The only thing I'm concerned about using on an NPT is the wavemaker. It has two adjustable heads (6000lph each) so that the flow can be spread out but I'm worried it will still be too much. 

For the substrate I have John Innes No 3 (planning on an inch to inch and a half), to be topped with 1mm-2mm grade pool filter sand (about an inch and a half).

As for the plants, thanks to a very useful contact I have access to pretty much whatever I want at half price, so I can put a nice chunky bulk order in.

The main thing I'm after is advice on the wavemaker, really. However, if any of you see anything wrong with the rest of my plan please feel free to chime in.

Oh, and I was wondering about how this sort of system would cope with just a couple of large fish (such as Channa pulchra) instead of the usual stocking of schools of smaller fish. So any advice on that would also be appreciated.


----------



## Michael (Jul 20, 2010)

Hi Dogsout, and welcome to APC!

You must be from the UK, no one sells John Innes on this side of the pond--too bad!
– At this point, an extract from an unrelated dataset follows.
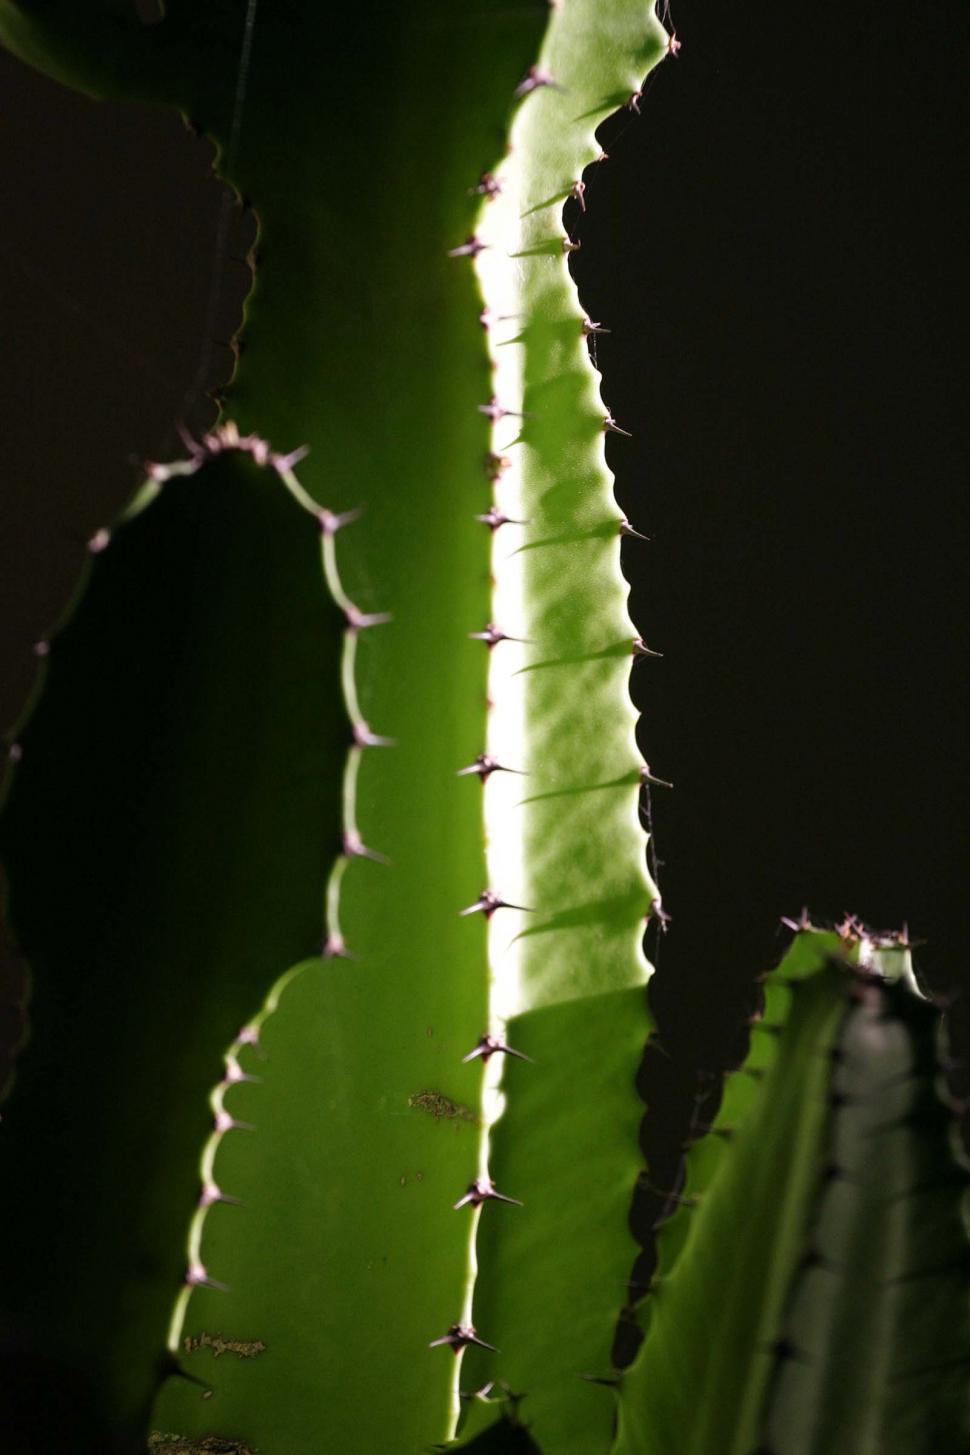 Download Free Stock HD Photo of Dark cactus detail Online

I like lots of flow in my tanks, 10X total volume per hour. With your filter and wave maker you have about 3,500 gph or about 28X per hour. This might be too much! The biggest problem is likely to be uprooting the plants before they establish. Can you run just one power head of the wave maker at a time?

As for a few big fish vs. lots of smaller ones, again the biggest problem is likely to be mechanical damage--digging or eating. I had to look up your Channa on Seriously Fish, a great article at http://www.seriouslyfish.com/channa-orientalis-bloch-schneider-1801/

My only suggestion is to make the cap deeper, maybe 2"-3", and let the plants root in very well before adding the fish. You might also stick species that are known for strong root systems.

This sounds like a really interesting project--I love it when people set up planted tanks for fish not normally kept in them. Please keep us updated.


----------



## dogsout (Feb 2, 2013)

Thanks for the reply. Yes, I'm from sunny England! 

Channa generally love heavily planted tanks, and most species don't dig. I don't think I'll be able to use the wavemaker, will I? Even if I direct it so that the flow is reduced somewhat, it's still going to be too much. It would be way too much for Channa, anyway. Not that I've decided what to stock yet; they were just an idea I've been toying with.

Would the flow from the filter (on its own) be enough for the tank? Perhaps I should dig the book out and check what was said about flow in there.


----------



## dogsout (Feb 2, 2013)

edit: doh!


----------



## Michael (Jul 20, 2010)

Many people would say that the filter by itself at 4X the tank volume per hour would be fine. But I am persuaded that more flow is better. In either case, it is easy to increase the flow with a simple power head later.

How much volume of media will your filter and booster hold? This sounds like a great set-up to me. I like lots of media, and use biofiltration almost exclusively.


----------



## dogsout (Feb 2, 2013)

Well, all I can find about the canister is that it holds 20 litres of water. What that equates to in terms of media, I don't know. The booster holds 1.2 litres but during the process of finding that information out, I also found out that it isn't compatible with the EF 2000. That's pretty annoying, given the fact that it is advertised as being compatible with the entire EF range. I've contacted APS to discuss my options.


----------



## Michael (Jul 20, 2010)

That should be OK. A lot depends on your stocking rate, and the resulting need for biofiltration.


----------



## dogsout (Feb 2, 2013)

There may be a change of plans afoot! I've been given the go-ahead to get another tank. It'll likely weigh in somewhere around 30 gallons. I've now got to decide which will be planted, and which one to chuck the cichlids in.


----------